The reprocessing of spent nuclear fuel generates radioactive effluents that require appropriate treatment. To meet industrial and regulatory challenges, the CEA is developing geopolymer-based adsorbent materials that are robust, cost-effective, and efficient for capturing Cs-137 and Sr-90. Their performance can be enhanced through the incorporation of selective adsorbents (such as zeolites) and through innovative shaping processes (3D printing, beads, foams) optimized for column adsorption.

The durability of these materials remains a critical issue, as their leaching and ageing mechanisms in column systems are still poorly understood.
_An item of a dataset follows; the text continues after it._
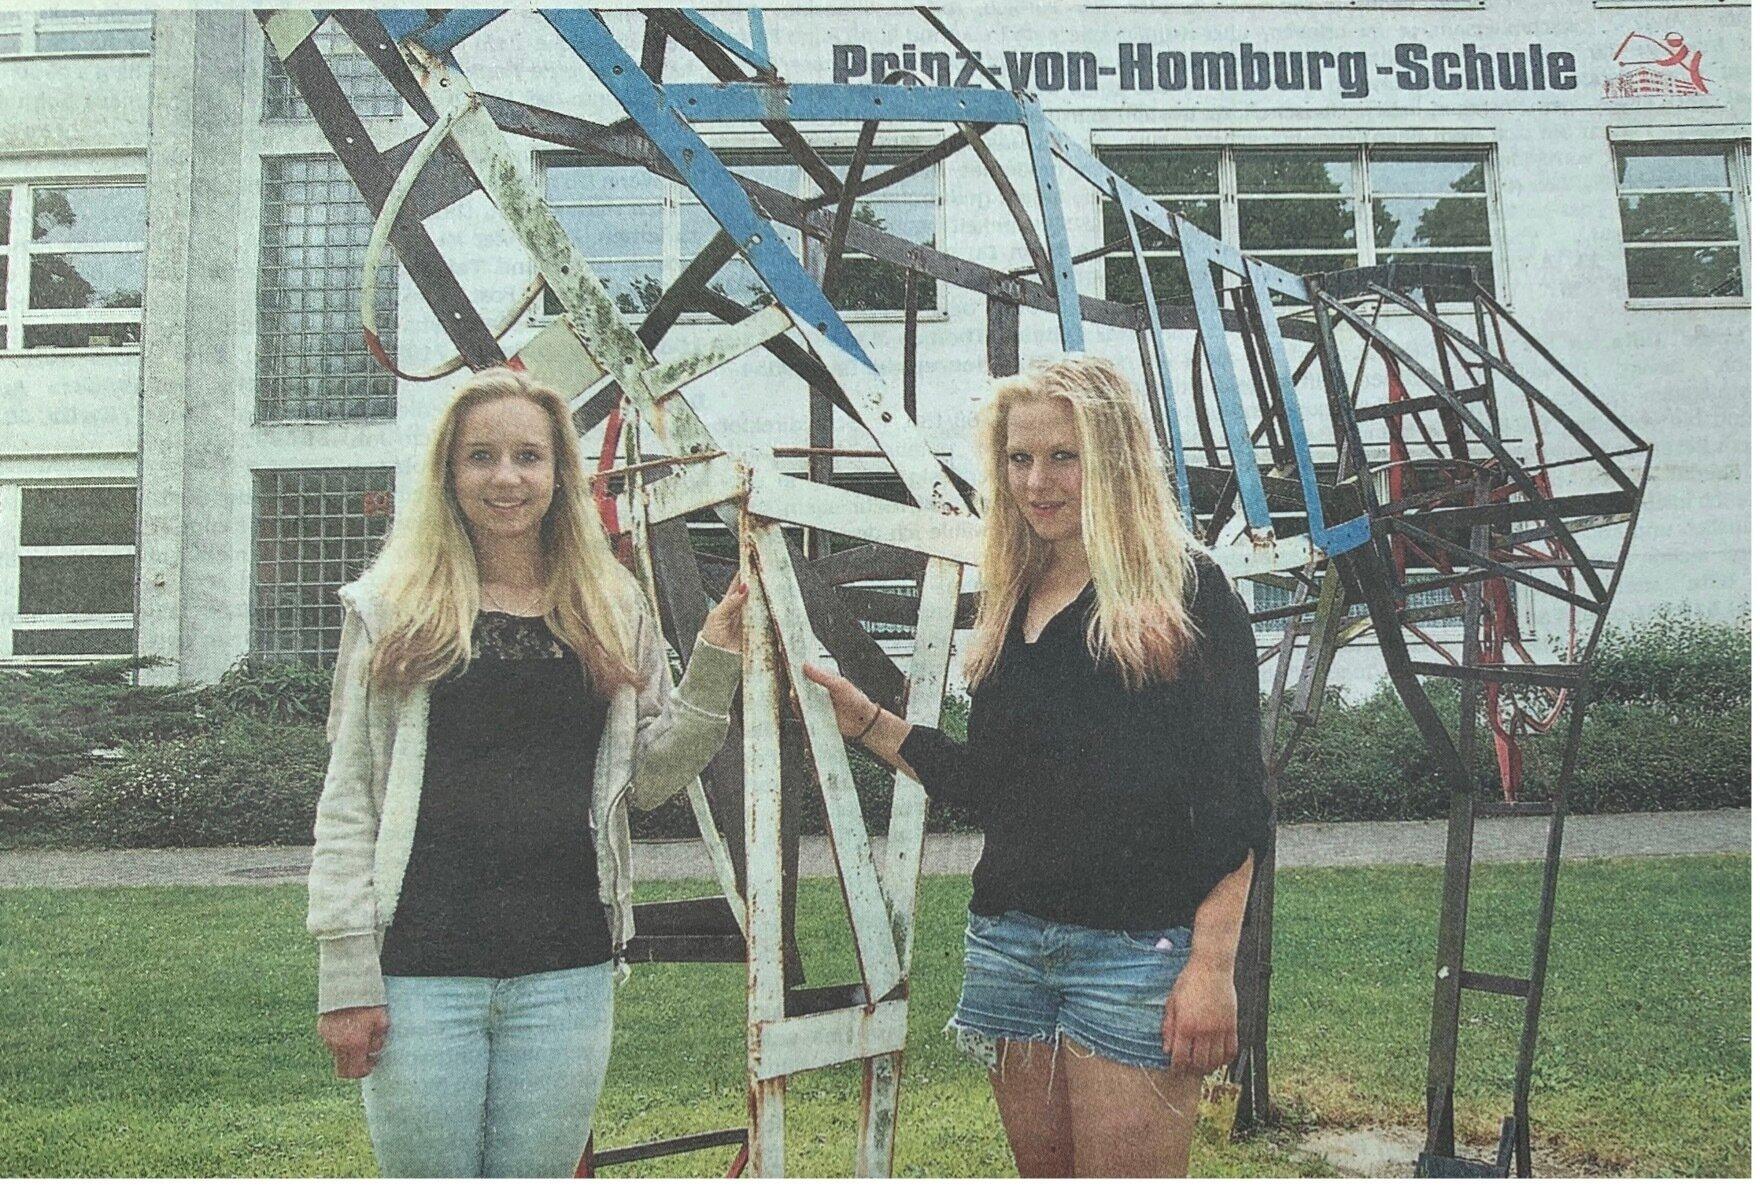 Für die beiden Freundinnen Henrike Stolterfoht (links) aus Berlin und Lara Schulze aus Fürstenberg ist ein Traum in Erfüllung gegangen

This PhD project will focus on studying these phenomena in order to assess the impact of effluent chemistry on the stability and efficiency of geopolymers. The work will include material synthesis, batch and column sorption tests, and the use of modelling tools to interpret alteration mechanisms. The scientific challenge is to identify the key physicochemical markers of geopolymer degradation in the targeted liquid effluents and to link them with column sorption performance.

The PhD candidate will join the Laboratory for Supercritical Processes and Decontamination (LPSD), renowned for its expertise in column-based ion extraction and adsorbent characterization. He/she will collaborate with specialists at CEA Marcoule and with the laboratory teams, and will regularly present project progress to the industrial partner. Upon completion of the PhD, the candidate will have developed recognized expertise at the interface of materials science, chemistry, and column adsorption processes. This work will open a wide range of opportunities: R&D positions in the nuclear sector, waste management, and functional materials; academic pathways (postdoctoral research, academia, teaching); or contributions to major energy and environmental challenges.